1E 8.1 (on-premises)

In releases of Tachyon prior to release 8, management groups were associated with roles. In versions from release 8 onwards, management groups are instead associated with a role/principal pair. The same role or principal may therefore be associated multiple times with a management group, provided that its pair member differs. You cannot assign the same role and principal pair more than once to a management group, but you can assign the same role and a different principal to it, or conversely, a different set of roles but the same principal, multiple times, to the same group.

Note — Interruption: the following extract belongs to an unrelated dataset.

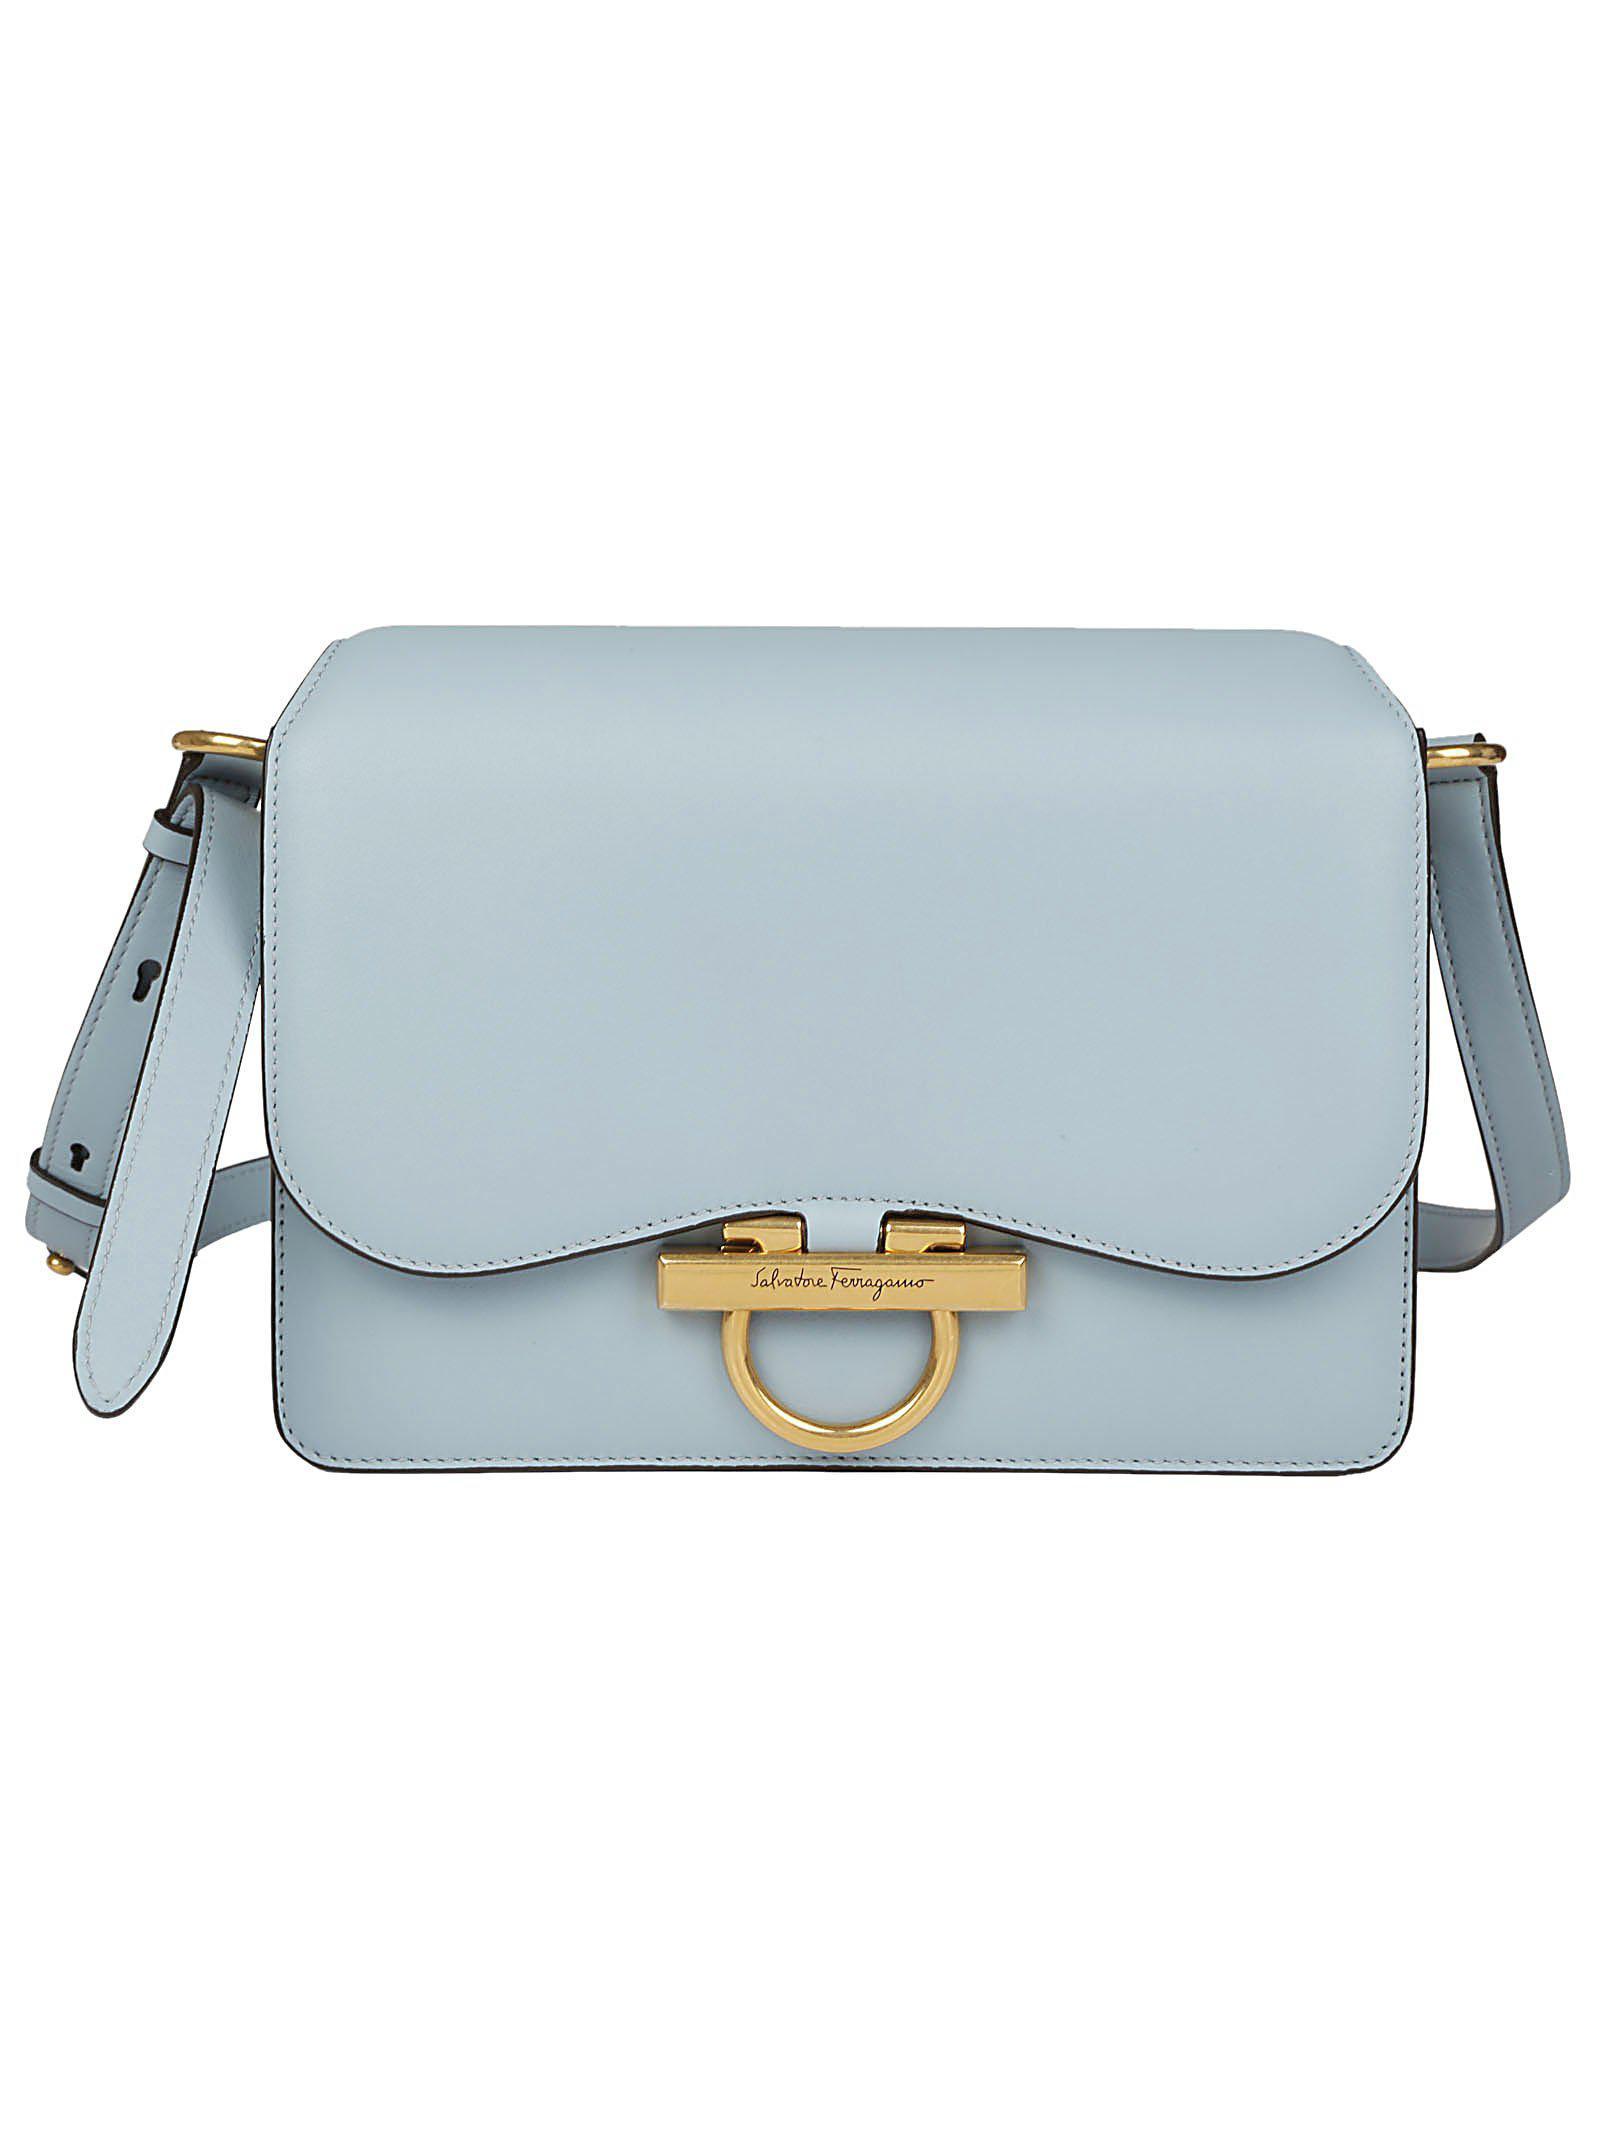 a98a34fc1239 Ferragamo Logo Clasp Shoulder Bag in Blue - Lyst

Management groups now support hierarchical relationships. A management group may stand alone, or it may have a parent or child management group associated with it. In turn, these child groups may have children, and so on.

A management group can have at most a single parent. However, a parent management group can have multiple children.

When a management group is associated with a role/principal pair, the rights granted to the pair are those of the management group plus its children, if any.

Prior to version 8 of Tachyon, management group rules, as defined in the SLA subsystem, and then imported into Tachyon, did not support operator precedence. This meant that you could not define rules where certain logical terms (AND/OR) bound more tightly.

In version 8, rules now support precedence, so you can define in a rule how the various terms will be bound. When creating rules using the PowerShell Integration Toolkit, the rule expression you supply simply uses brackets to specify operator precedence, exactly as you would when specifying a scope or filter expression in Tachyon.

To find out more about management group rules, please refer to SLA management groups and rule expressions.

It is now possible to define roles which can be delegated by users who lack global privileges to the 'all devices' virtual management group. This is discussed in the documentation for the add-tachyonrole cmdlet.